Этому ужину, казалось, не будет конца. В гостиной я подошла к окну и вдохнула в себя холодный и горький воздух ночи. Неумолимый воздух одиночества. Он заполнил весь город, навис над спящими, сгустился вокруг одиноких ночных прохожих. Он заставлял мечтать о деревне все эти головы, сморенные сном или алкоголем. Но в этом застывшем салоне, среди застылых гримас этот жесткий и вечный ветер, прилетевший из глубин галактики, был моим единственным другом, единственным доказательством моего существования. Когда ветер улегся и волосы снова упали на лоб, мне показалось, что сердце сейчас разорвется и я умру. Умру? А почему бы и нет? Тридцать лет назад мне пришлось принять жизнь из-за того, что какая-то женщина и какой-то мужчина полюбили друг друга. Почему же теперь, тридцать лет спустя, не умереть одной женщине - в данном случае мне, - которая никого не любит и потому не желает дать жизнь новому существу? Как часто самые примитивные рассуждения, рожденные плоской логикой, на поверку оказываются самыми верными! Достаточно взглянуть, до какой степени падения дошло общество, погрязшее в лженауке и лжеморали. Так мои мысли блуждали где-то, но это совсем не мешало: я вовремя отвечала улыбкой на реплики, благодарила, когда мне давали прикурить, вставляла в разговор ничего не значащие слова. Я была далеко от них, но, к сожалению, не выше их. Впрочем, моя отрешенность Ставила под сомнение мое понимание этих людей. И действительно, во имя кого и чего их судить? И если в тот вечер я испытывала острую потребность уйти, покинуть их, то объяснить это могла лишь тем, что я задыхалась среди них и уже не могла больше владеть собой. Это правда, я ничего не понимала в правилах их игр, в их успехах и падениях. И не хотела понимать. Нужно было оторваться, отбиться. Этот регбистский термин был тут весьма кстати. Всю юность я играла на первой линии, а в схватке с Аланом держала оборону. Но теперь сердце сдало, и я не хотела больше играть. Я покидала зеленое поле, на котором пожухла трава. Это было мое поле, на нем не было ни судьи, ни правил. Я была одна. Я была ничем.

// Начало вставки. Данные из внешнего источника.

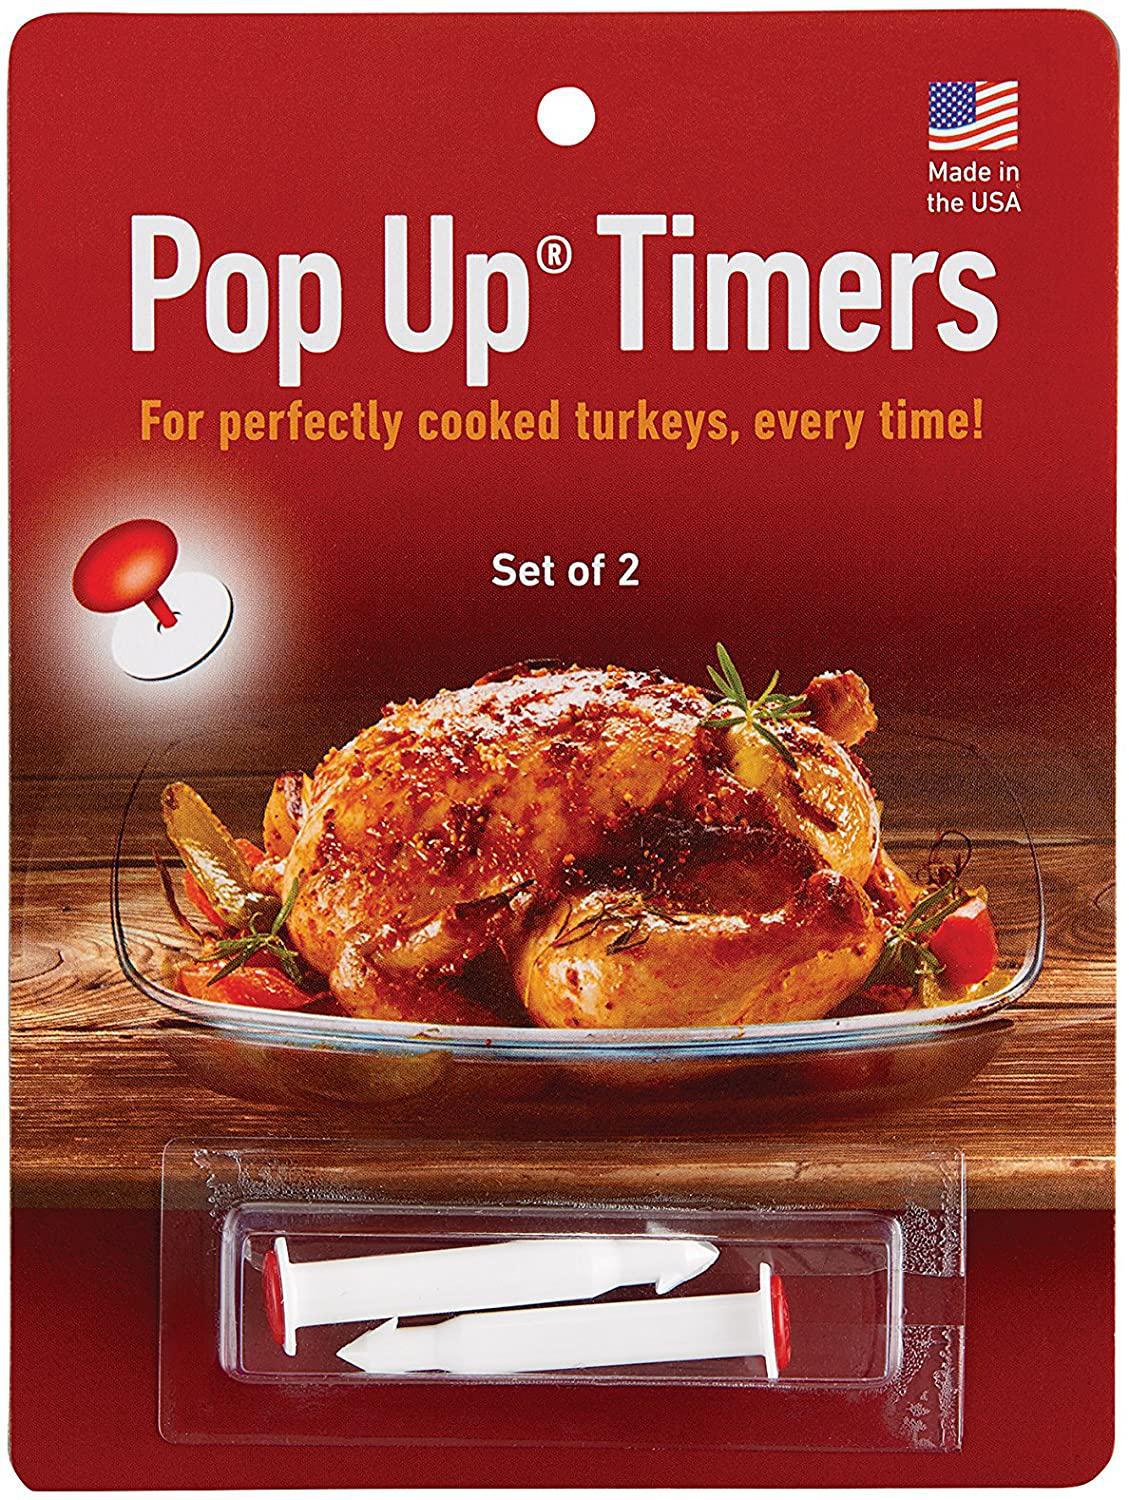 Pop-up turkey thermometers not always accurate - ABC13 Houston

Юлиус прервал мои размышления. Он стоял рядом и был мрачен.
- Ужин показался вам слишком длинным, не так ли? Вы сегодня задумчивы.
- Я вдыхала ночной воздух. Я его очень люблю.
- Интересно - почему?
Он был так агрессивен, что я удивилась.
- По ночам кажется, что ветер несется с гор и полей. Он пролетает над свежей землей, деревьями, северными скалами… И… это приятно…
- Он пролетает над землей, в которой гниют миллионы трупов, над деревьями, которые питаются этой землей. Он пролетает над гниющей планетой, над грязными пляжами и пересолеными морями… И вы находите это приятным, да?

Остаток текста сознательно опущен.